= Phönix-Schwingen =

 Phönix-Schwingen (Phoenix's Wings) op. 125 is a waltz composed by Johann Strauss II in 1853. Strauss has amalgamated his late father's orchestra with his own in 1849 and with the new responsibility, was expected to rehearse, organise, compose, orchestrate, and lastly, conduct at two or three venues on the same day. During the hectic years of 1851 and 1852, Strauss exerted himself and after a tiring tour of Germany late 1852, he was taken seriously ill.

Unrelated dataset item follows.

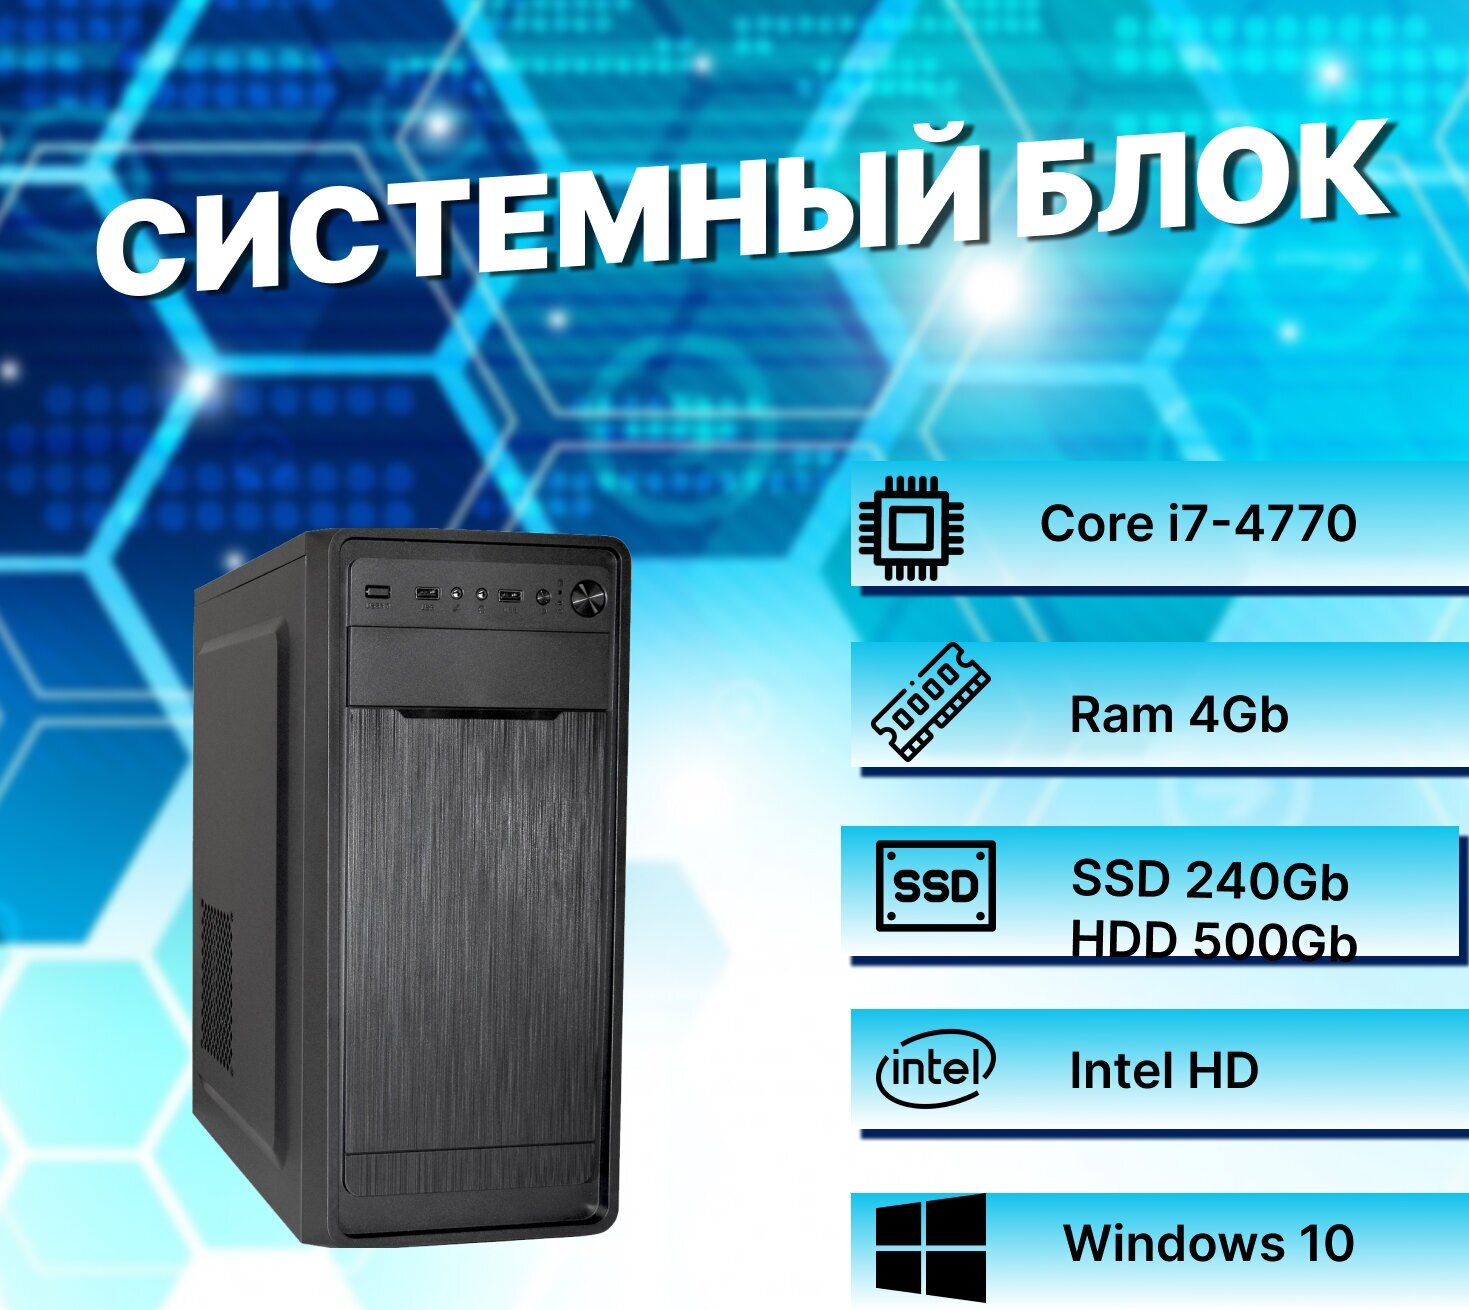 Системный блок Intel Core i7-4770 (3.4ГГц)/ RAM 4Gb/ SSD 240Gb/ HDD 500Gb/ Intel HD/ Windows 10 Pro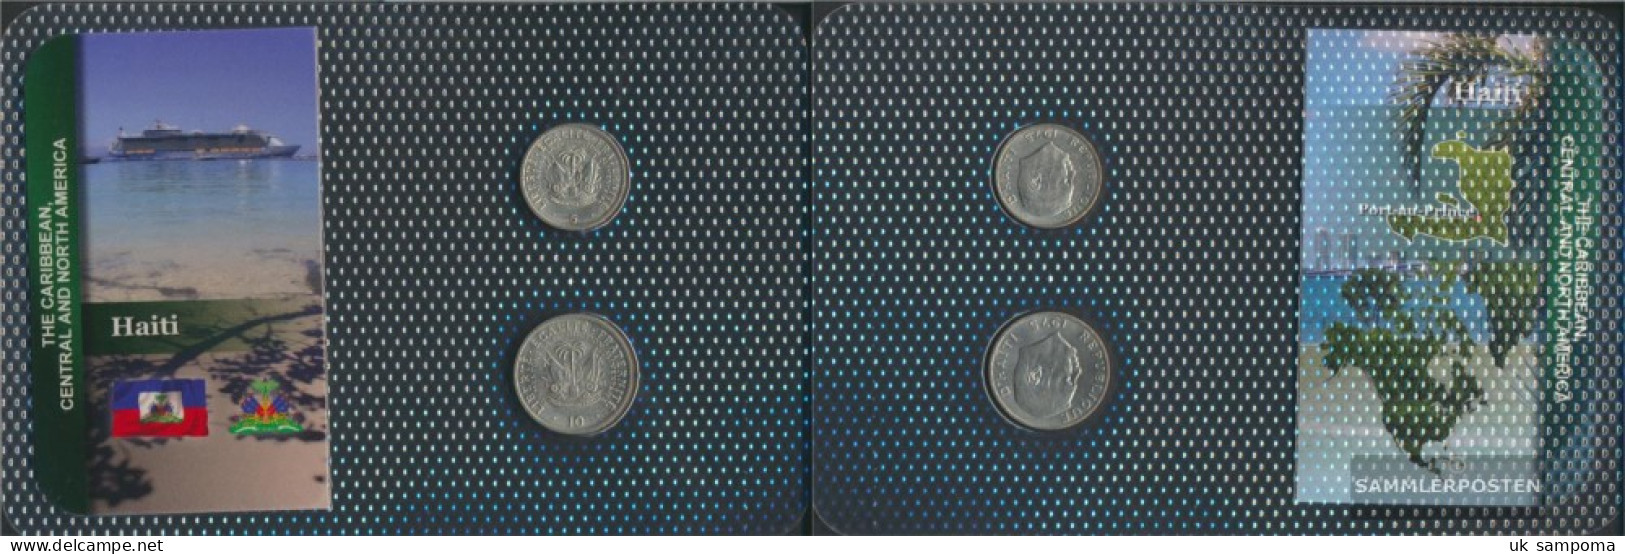 Haiti 1975 Stgl./unzirkuliert Kursmünzen Stgl./unzirkuliert 1975 5 Centimes Until 10 Centimes - Haití

Many of his engagements were forced to be cancelled although Strauss felt sufficiently well to appear at his benefit concert at the Sofienbad-Saal ballroom on January 16, 1853 along with his new waltz 'Phönix-Schwingen'. The title suggested a possible reference to himself, having like the mythical bird, 'risen from the ashes'. However, Strauss' interesting title may well refer to the unpopular Vienna transport enterprise 'Phoenix' which had promised faster and cheaper travel intending to rival the traditional Viennese 'fiaker'. The enterprise proved to be no more than a flash in the pan and foundered after a mere few days.

Whether meaning the mythical creature or the enterprise, Strauss' work is very brisk and stylish, with rising arpeggios and effective motif usage. The work was dedicated to Hans Guido von Bülow.